Repeat exactly the lines of the records below, starting at the line containing "oxalo winter theme powerpoint preview image." and ending at the line containing "Indica Plateau Youth". Leave the pictures out.

*Excerpted data*
--------------------------------

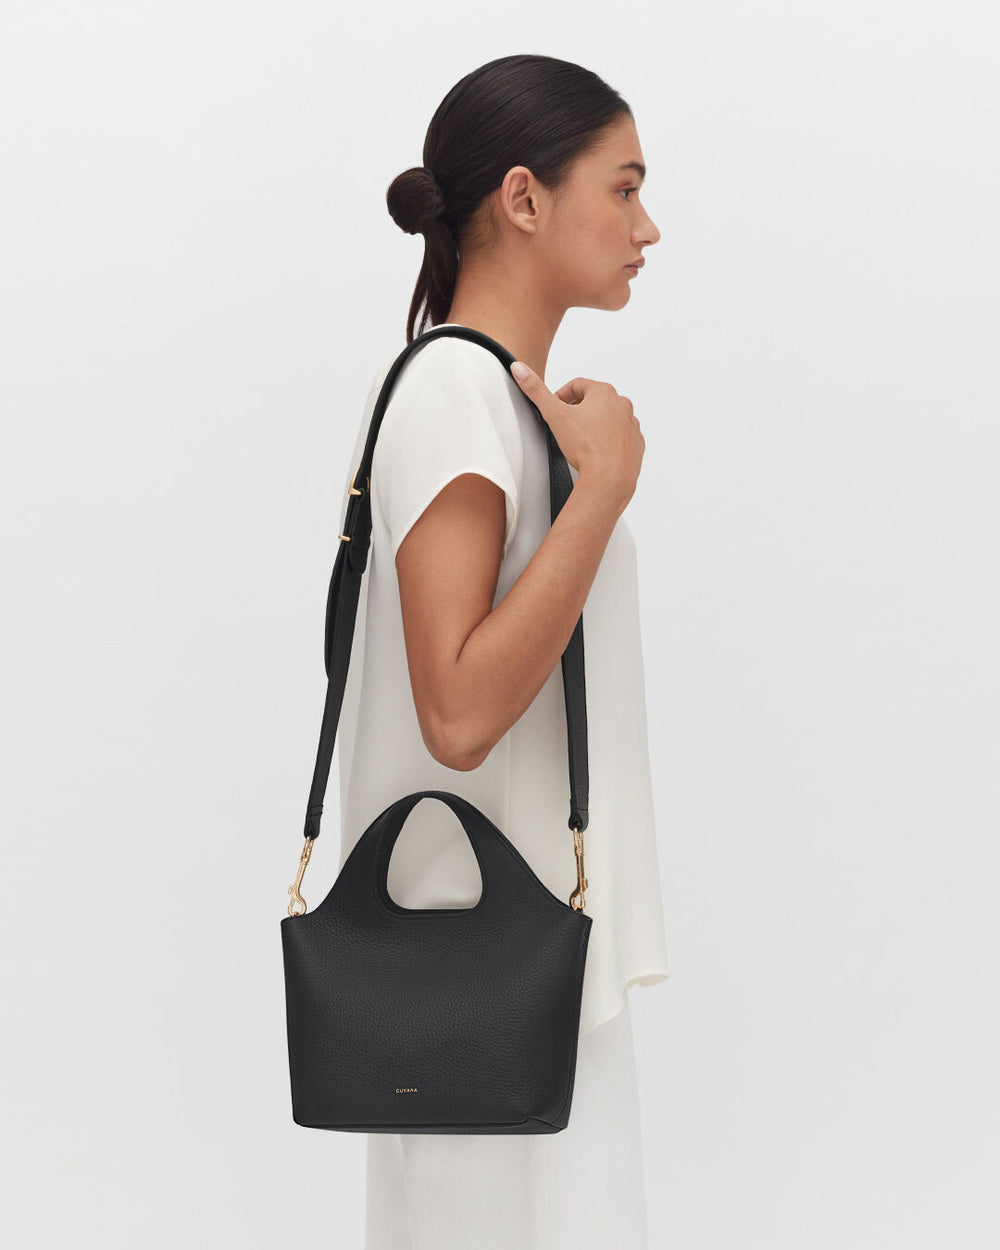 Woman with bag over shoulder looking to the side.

--------------------------------

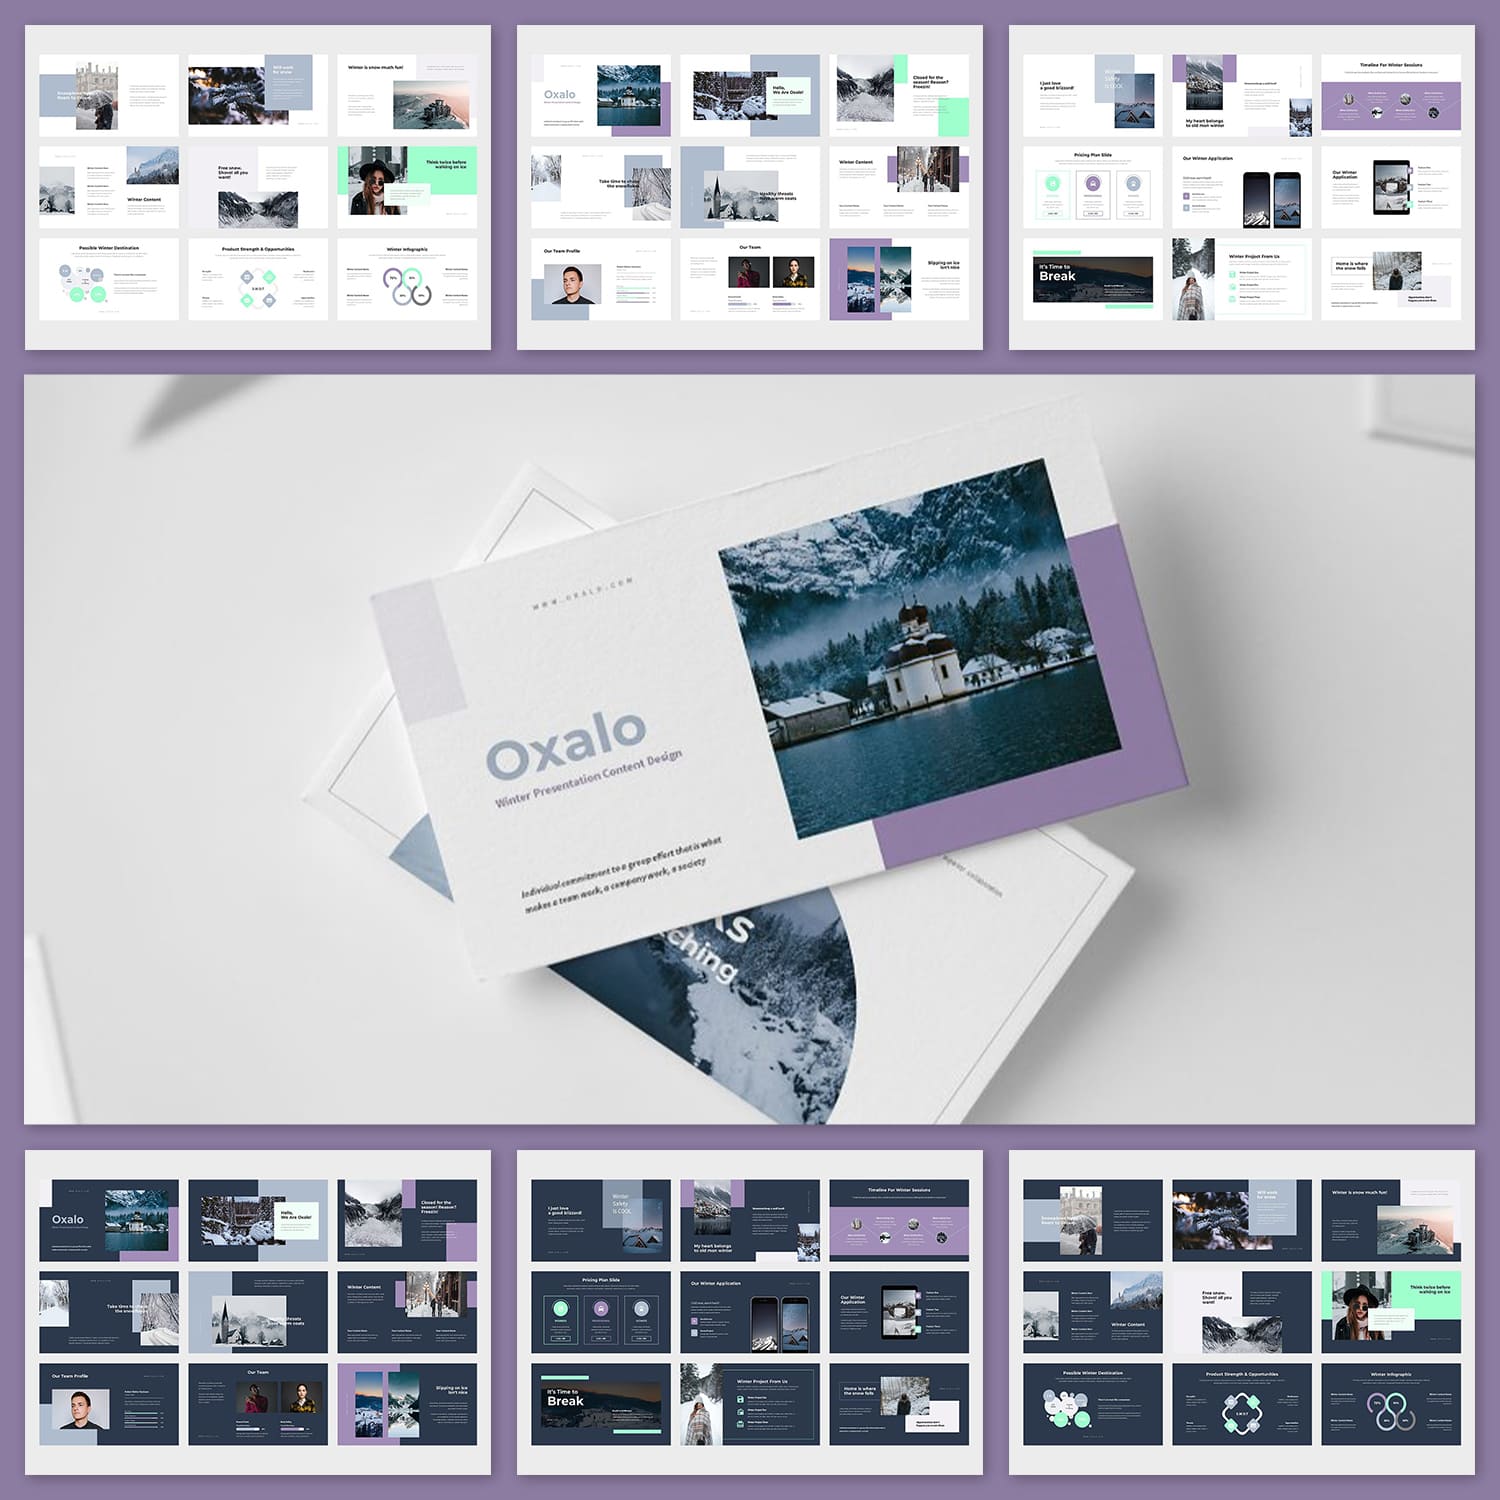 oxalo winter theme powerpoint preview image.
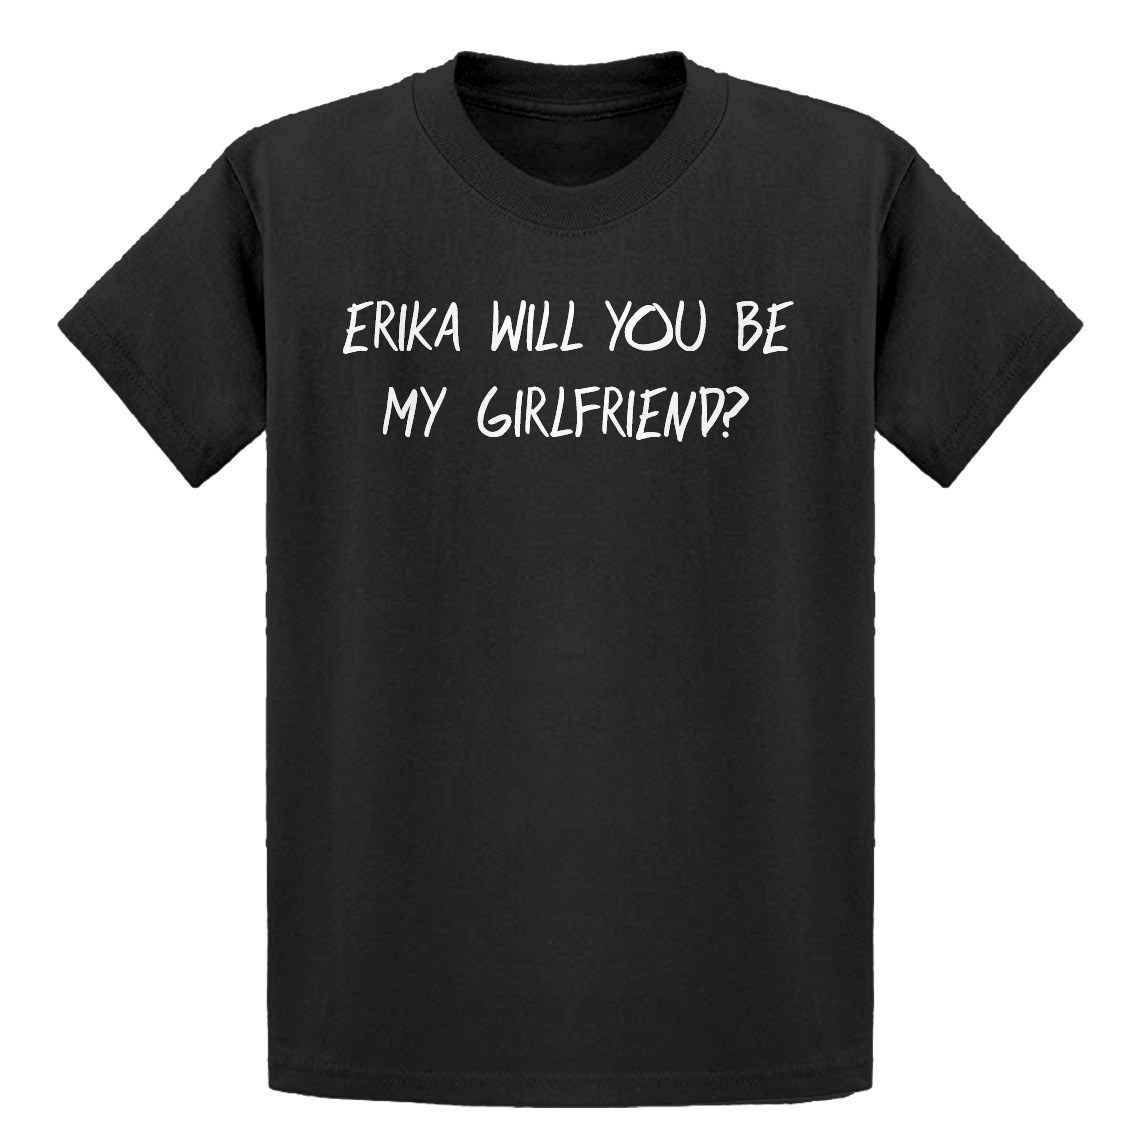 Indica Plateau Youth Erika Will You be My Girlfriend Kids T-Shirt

--------------------------------

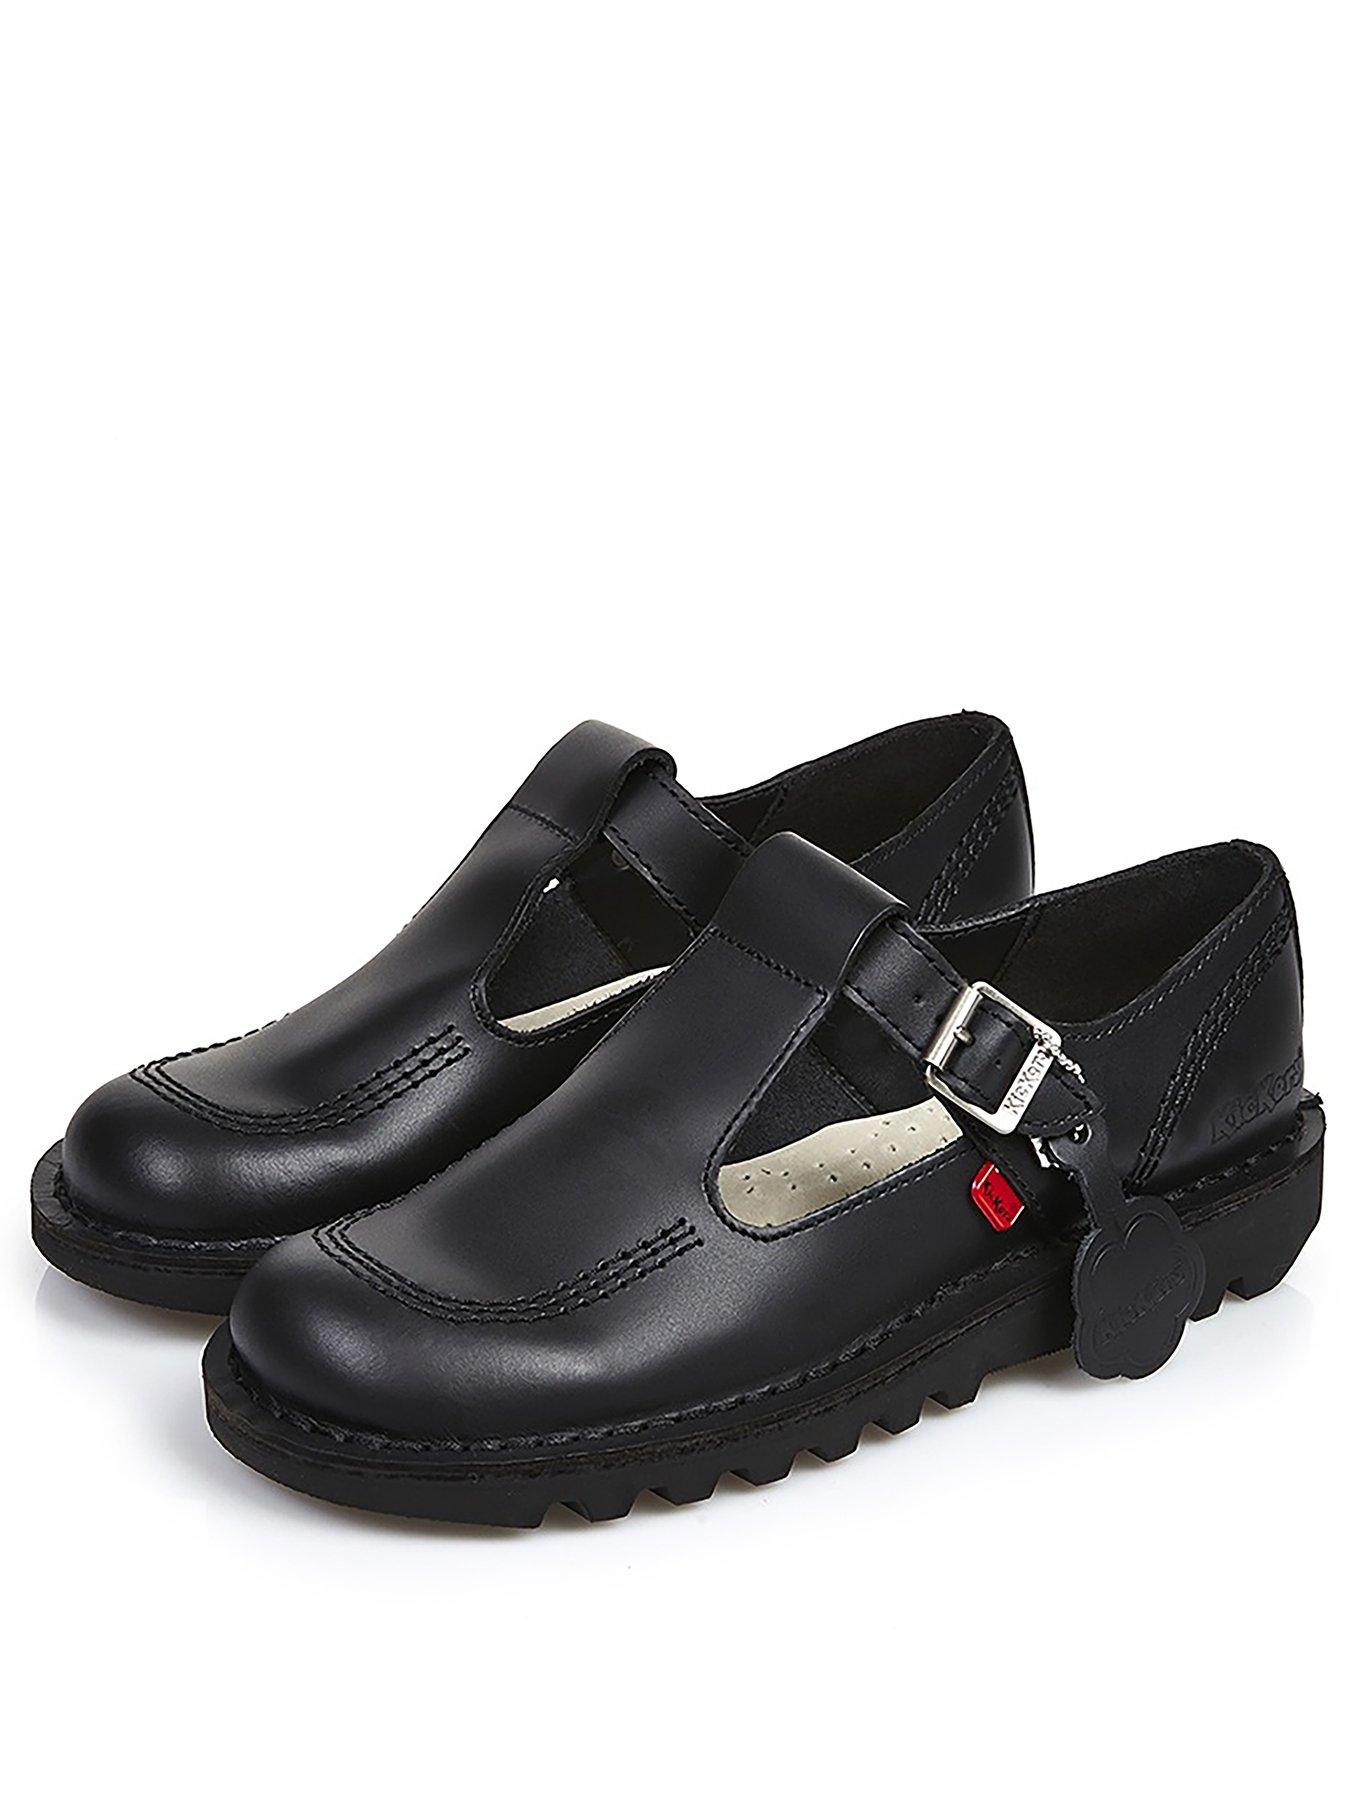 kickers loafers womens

--------------------------------

*Reply to the exercise*
 oxalo winter theme powerpoint preview image.
 Indica Plateau Youth Erika Will You be My Girlfriend Kids T-Shirt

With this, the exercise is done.